Y agrega el párr. 29: "Fallecido el cónyuge obligado, aunque se hubiera disuelto el vínculo matrimonial por divorcio vincular con anterioridad, la prestación será carga en su sucesión, debien­do los herederos prever, antes de la partición, el medio de con­tinuar cumpliéndola".

Vemos cómo el divorcio vincular le hace perder al cónyuge enfermo sus derechos hereditarios, si bien conserva su derecho de ser mantenido en su nivel alimentario y de asistencia médica, hasta su recuperación5. En efecto: como bien se advierte en el derecho español, no estamos frente al puro deber alimentario que finaliza con la muerte del alimentante, sino que se trata de una "pensión" de carácter diferente6.
275. El problema de la indivisibilidad del inmueble.
Ninguna duda cabe, entonces, de que, fallecido el cónyuge obligado, se trasmite a sus herederos el deber de asistencia del enfermo, en los términos del art. 208. Lo que sí puede plantear inconvenientes es la cuestión de si subsiste el derecho de opo­nerse a la división del inmueble conyugal, en los términos del art. 211 del Código Civil.

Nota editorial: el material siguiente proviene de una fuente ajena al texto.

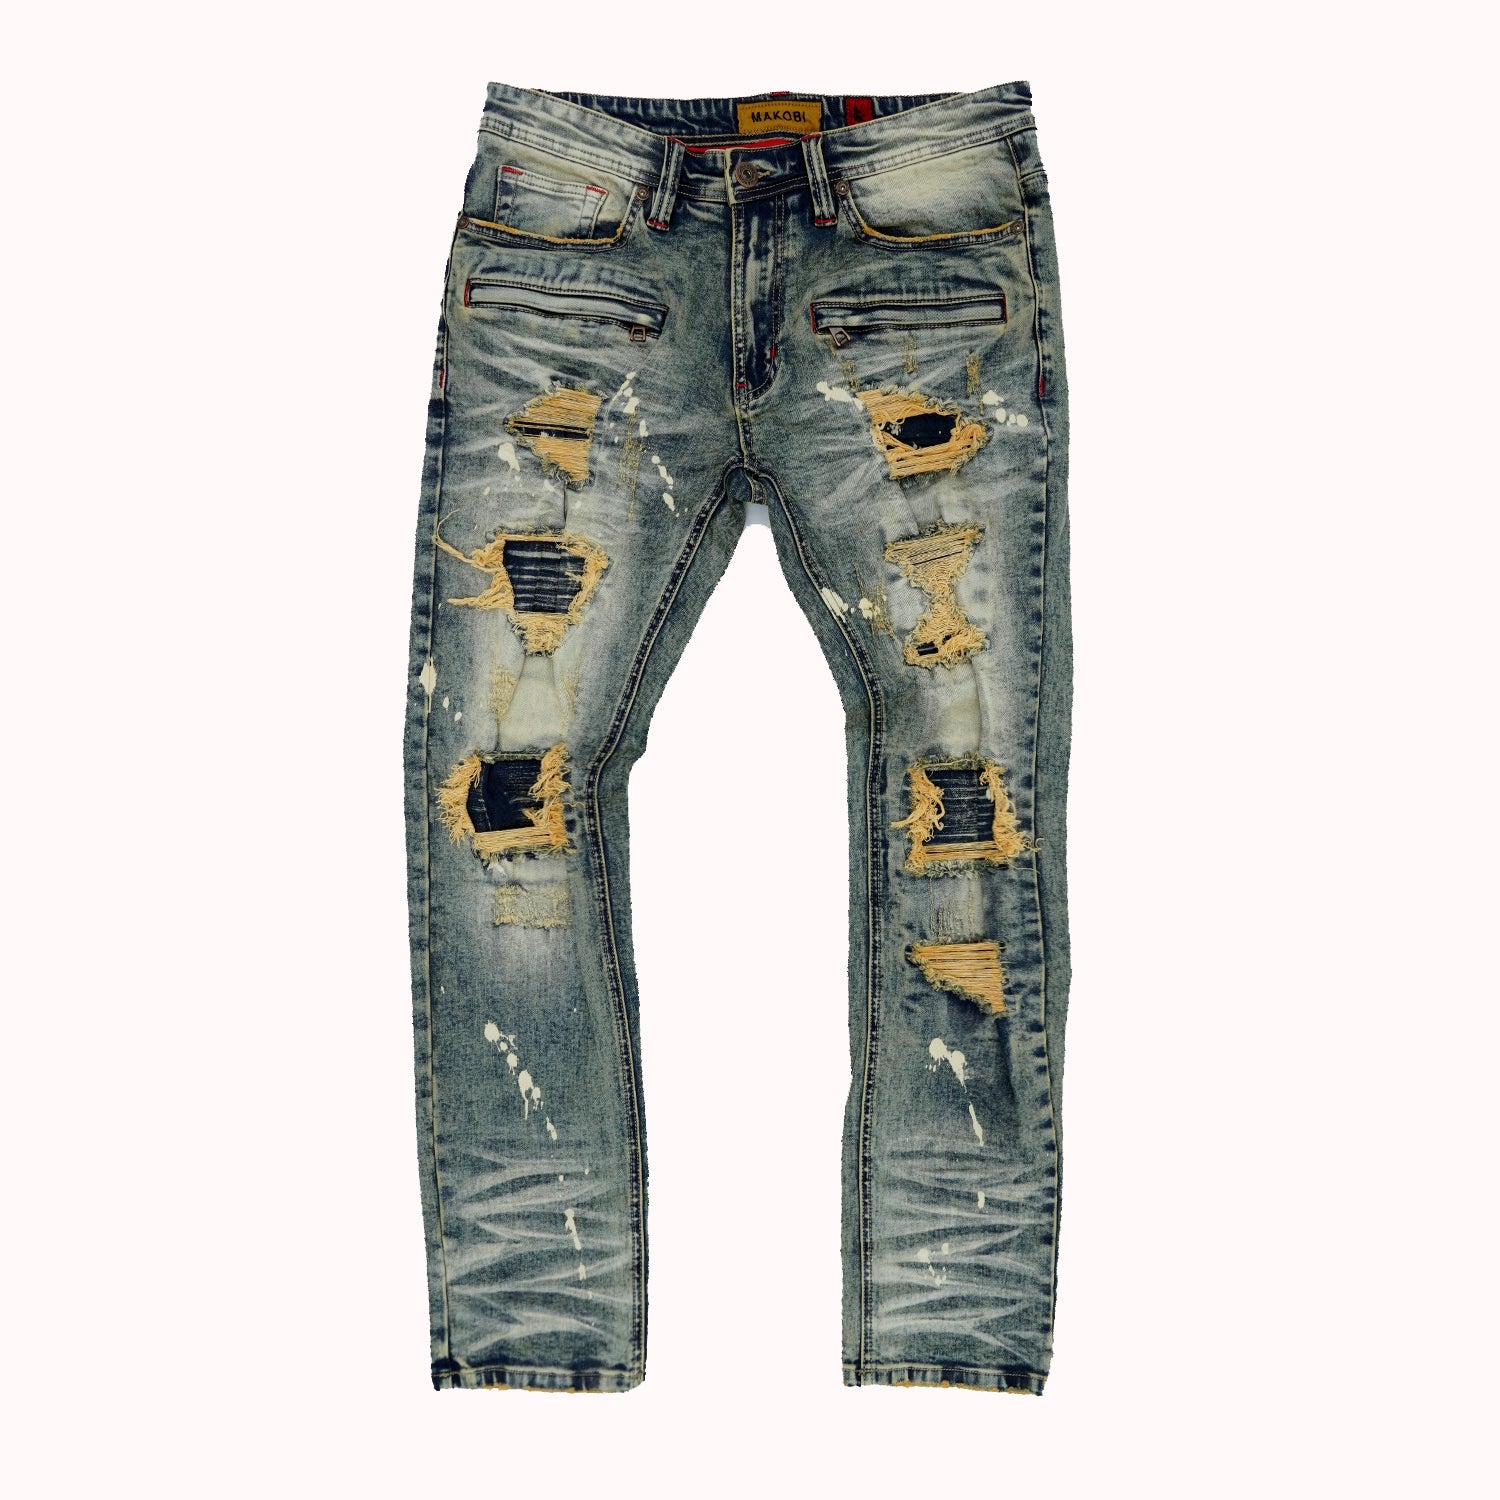 M1944 Pipa Shredded Jeans - Dirt Wash

Pensamos que no se mantiene el derecho de impedir la par­tición establecido en el art. 211, por las siguientes considera­ciones:

a) El principio, en mategia sucesoria, es la partición. El art. 211, al establecer un derecho de indivisión para el cónyuge en­fermo, tiene en cuenta los efectos que el divorcio produce du­rante la vida de los cónyuges, pero no se proyecta en el plano sucesorio, porque ello es contrario al principio de la partición, que sólo puede ser dejado a un lado por disposición expresa de la ley.

El carácter forzoso de la división cuando media un pedido de parte está contemplado en el art. 3452 del Código Civil, que dice: "Los herederos, sus acreedores y todos los que tengan en la sucesión algún derecho declarado por las leyes pueden pedir

en cualquier tiempo la partición de la herencia, no obstante cual­quier prohibición del testador o convención en contrario".

Los supuestos en que el legislador ha querido establecer una indivisión forzosa temporaria se hallan taxativamente enumera­dos en la ley 14.394: estados de indivisión impuestos por el cau­sante (art. 51, Párr. 1º), estados de indivisión impuestos por el cónyuge supérstite (art. 53), caso de indivisión pactada por los herederos (art. 52), bien de familia (art. 49).

Vemos, pues, que cuando el legislador ha querido apartarse del principio de división de la herencia lo ha hecho expresamente; cosa que no ocurre en el caso del cónyuge enfermo, cuya tutela se limita a su derecho de ser mantenido en sus gastos de asisten­cia y recuperación.
b) Excedería de los efectos del derecho de habitación del cónyuge supérstite. Si partimos de la base de que el derecho de habitación del cónyuge supérstite no constituye una causal de indivisión forzosa respecto del inmueble7, no podemos admitir que al cónyuge separado enfermo se le otorgue un derecho mayor (el de la indivisión) que el que se le otorga en general al cónyuge supérstite.
c) La interpretación del art. 208 no permite que la carga` de la sucesión se extienda al contenido del art. 211, pensado para el caso de sentencia de separación personal, y no para el de falle­cimiento.

Cuando el legislador estableció como carga de la sucesión el sostenimiento del enfermo, no hizo ninguna referencia a su dere­cho de impedir la división del hogar conyugal, con lo cual debe­mos concluir afirmando que no todas las consecuencias patrimo­niales que se originan en la separación por la causal del art. 203 pasan como carga a los herederos; concretamente, el cónyuge enfermo no tiene el derecho de impedir la división del inmueble que fue sede del hogar conyugal.